According to Savills, premium office rents in the first quarter were unchanged at S$9.65 per sq ft compared to the preceding three months. On an annual basis, they rose by 0.94 per cent.

In the high-end category, the vacancy rate improved to 6.1 per cent from 6.5 per cent on a quarterly basis, but was only marginally better than the 6.2 per cent recorded 12 months ago.

“We are expecting grade A [central business district] office rents to come off 2 per cent to 3 per cent year-on-year by end-2024,” said Alan Cheong, executive director, research and consultancy, Savills in Singapore, in an emailed response to questions.

“The declines will be concentrated in the lower tier of grade A buildings whilst the top end of the spectrum or what we label as grade AAA buildings will hold firm.”

Looking further ahead, Cheong predicts that the performance of the office property market will be driven by the “next industrial revolution, one that is expected to embed artificial generative intelligence (AGI) into work processes.”

“If AGI leads to significantly lower overall net manpower requirements, plus the ability to offshore more functions, then the impact on office demand will be negative,” he said.

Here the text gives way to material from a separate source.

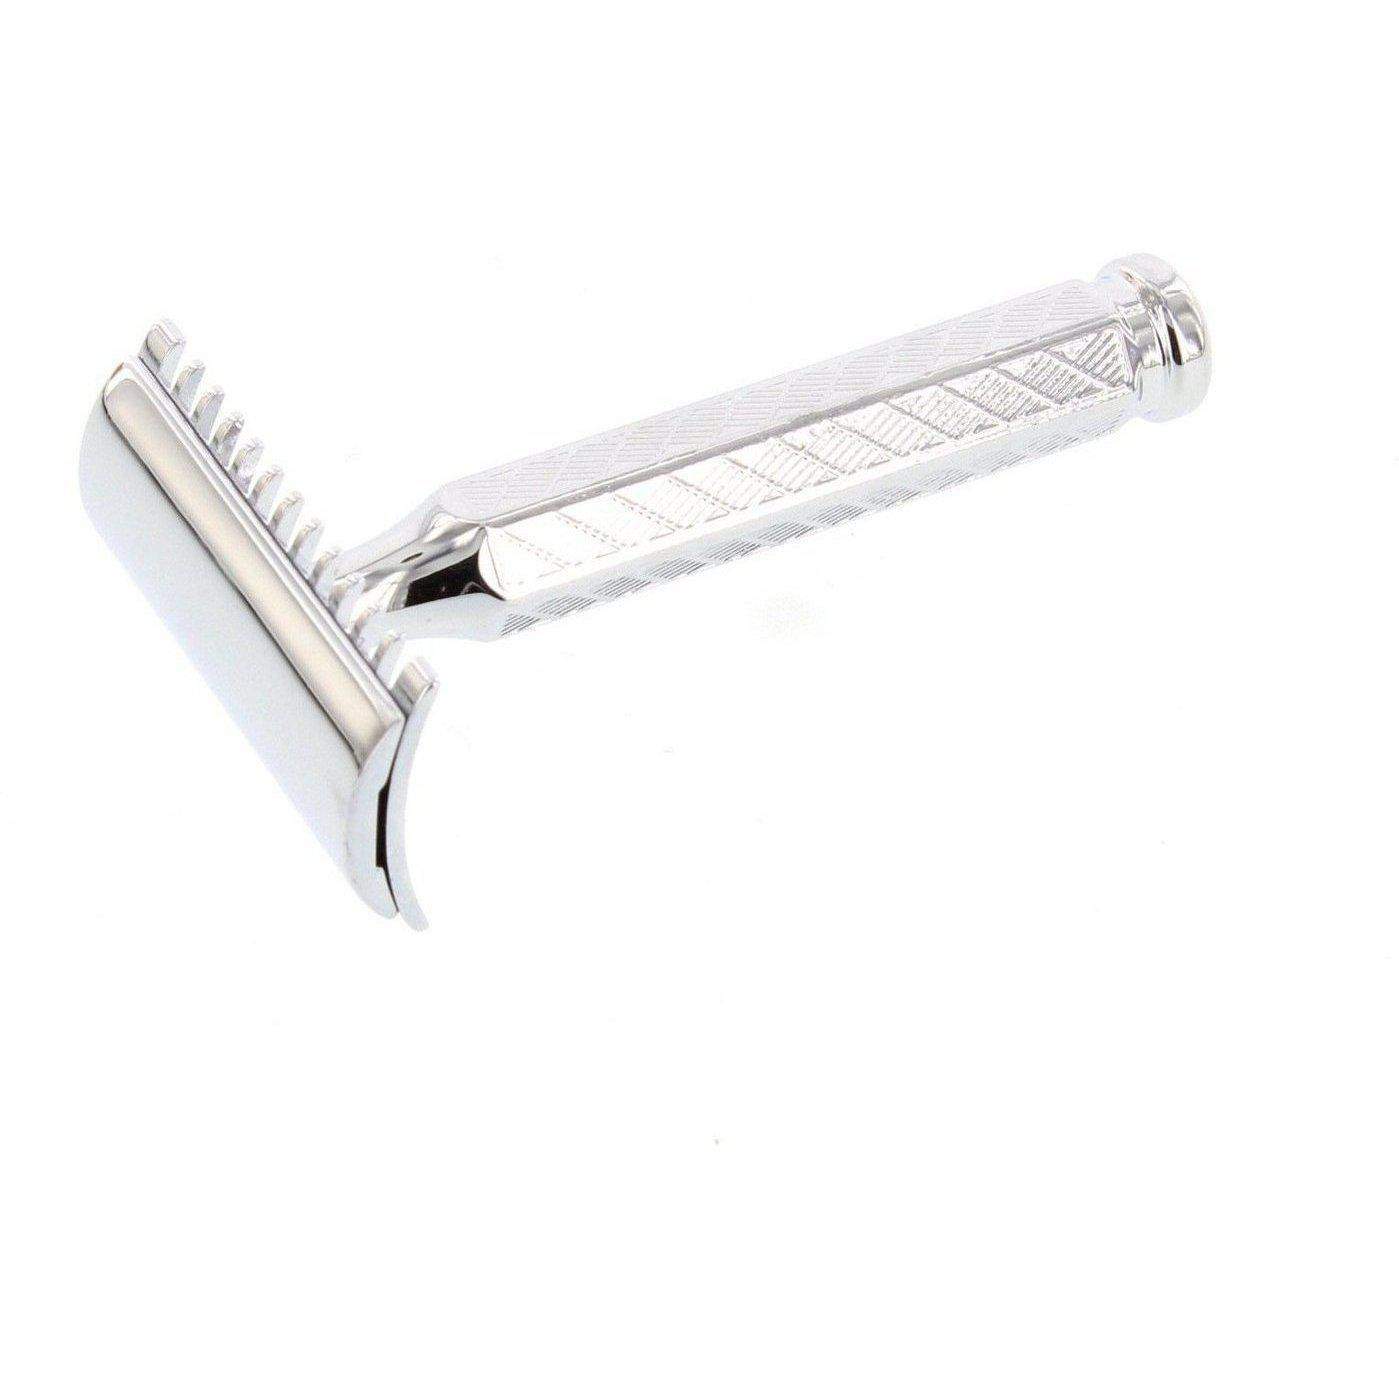 Product image 2 for Merkur Classic 1904 / 1906 Safety Razor, Open Tooth

“At this juncture, the next generation of hardware for AGI has only just been rolled out, and it will take some quarters for the big software companies to build on these new chipsets before showcasing their services to end users such as banks, manufacturing companies, call service centres, media and shipping, among others.”

In the meantime, landlords “remain smug on rents” as many large companies had signed long leases that are not due for renewal until late this year at the earliest, Cheong said. The limited supply of prime office spaces as well as a lack of budgets for fit-outs – getting the interior ready for occupation – are also holding tenants captive in their current premises.